And there are just no words for how adorable and wonderful the last scene between Jim and Pam was. After the intense roller-coaster ride we've been on with these two over the last 25 chapters it was really lovely and heart warming to just see them teasing and enjoying each other.

So. Would it be tacky for me to beg for an update now? Because I heart this fic so much I feel like I'm perpetually overdue for a hit. Pretty please? *SIGH*

OK. I'll go reread it from the beginning and try to be patient. But it won't be easy!!

Reviewer: SeluciaV Signed 10
Date: May 14, 2008 Title: Chapter 29: There's a joke in here about hot dogs, but it escapes me at the moment.

Theres about a zillion things I want to say about how amazing this story and this chapter are, but the only thing I can get my head around is how the end of this was so lovely and beautiful and tender that I'm actually crying. Seriously.

I'll write more when I'm more coherent, promise. But for now just know that you've really managed to create something vibrant and real and honest and just .... brilliant. It's fucking brilliant and that -- as they say -- is that.

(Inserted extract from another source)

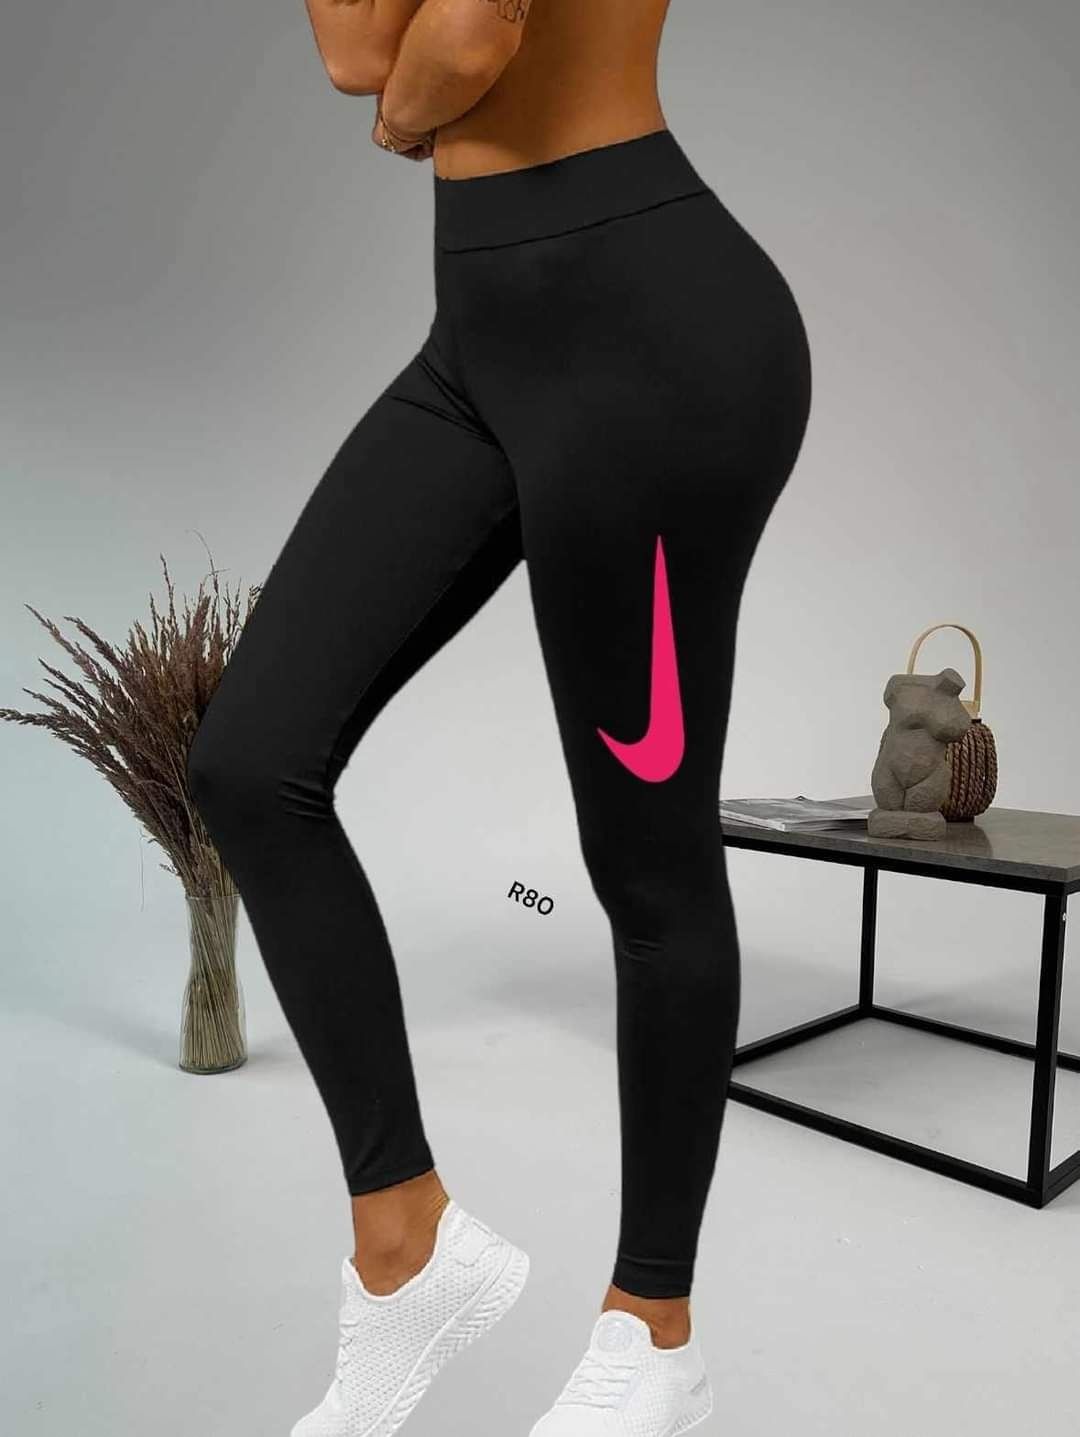 Nike Leginsy damskie S M L XL
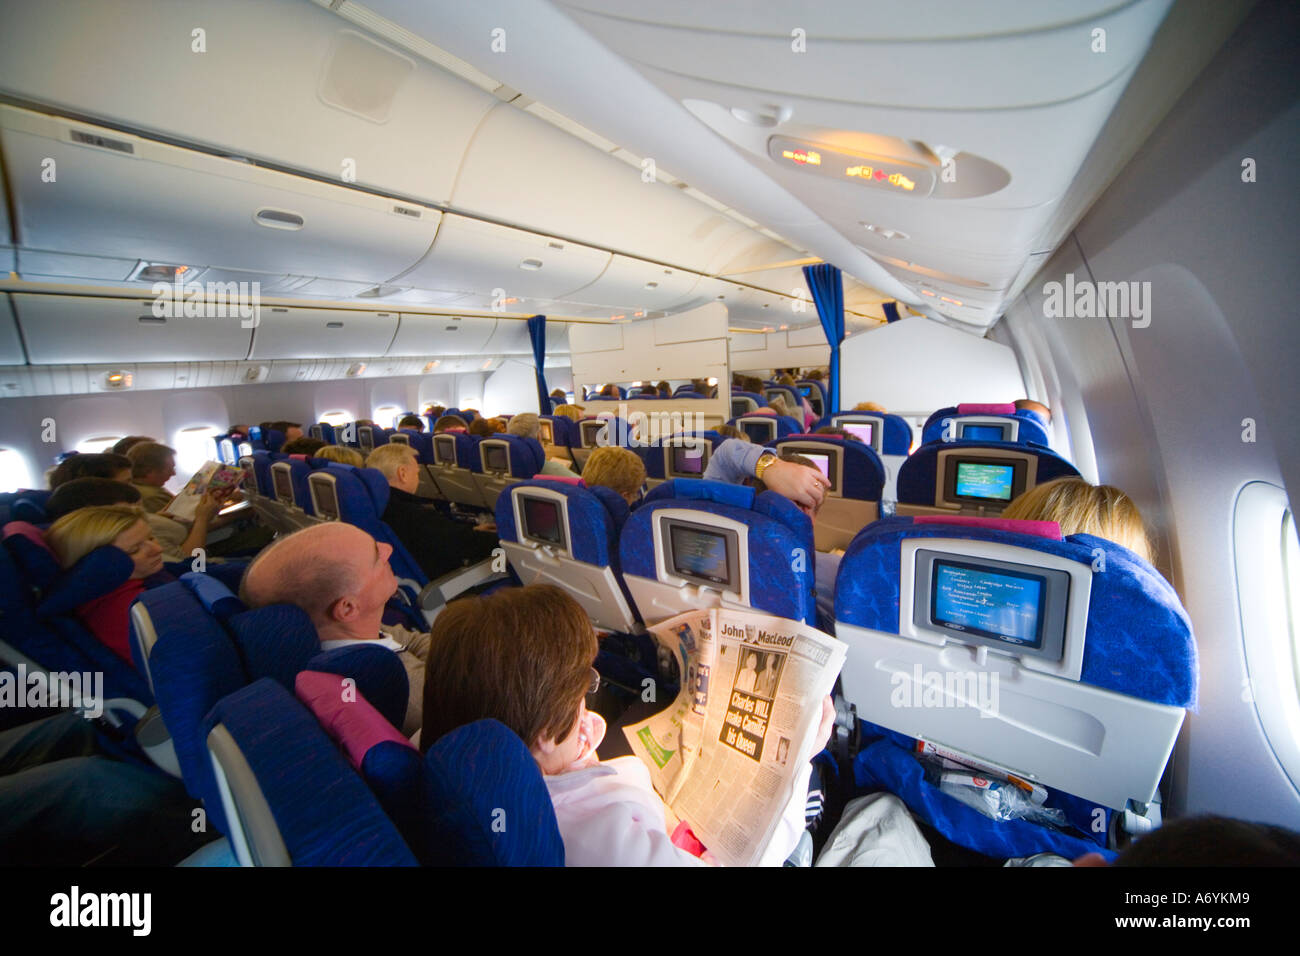 Passeggeri nella affollatissima classe economy cabina su aeromobili Boeing 777 in volo con segnale di allacciare le cinture di sicurezza JMH illuminato1252 Foto Stock

I'm off to smile and sigh and cry some more....

Reviewer: SeluciaV Signed
Date: March 17, 2008 Title: Chapter 3: I know I look pale but, seriously, I'm fine.

So I missed the first two chapters of this somehow but boy am I glad I dove in for the third! Yeah, it does closely resemble crack!fic, but it's really REALLY good crack!fic.

I kind of love this idea that these two people aren't exactly who we see every Thursday but somehow, somehow they are still drawn to eachother -- even if they deny it, even if they can't admit it to themselves. It makes a strange sort of cosmic sense, don't you think?

Anyway, I'm SO intrigued by this story and the little hints of true feelings starting to seep through that I can't wait to see where you take this and when the walls will start coming down. Most excellent!

Author's Response: totally cosmic, I agree.  I'm so happy that you gave this a shot and that you're liking it!! Thanks for reviewing.

Reviewer: SeluciaV Signed
Date: March 25, 2008 Title: Chapter 14: Wait a second, I feel like I've seen this movie before.

OK, so I only thought you'd killed me before. But now? So dead they'll have to bury me twice. Maybe three times.

I don't know how you do it. I spend every chapter lately balanced on this delicate point between hilarity and agony. It almost defies description!

This chapter was particularly hilarious in the beginning. Pam's entire inner monologue of becoming more like Whitney or Anne Heche had me laughing hysterically! This line: "It isn’t a huge deal, but god she feels that ticking time bomb inside of her like let out a .2 second warning whistle before it just explodes, and she throws her hands into the air like shrapnel in defeat." I just loved because that description painted such a vivid picture in my head -- almost akin to those old Warner Bros. cartoons where someone would get so angry their head's would become angry steam whistles? That's what I kept seeing in my head and god did it make me laugh!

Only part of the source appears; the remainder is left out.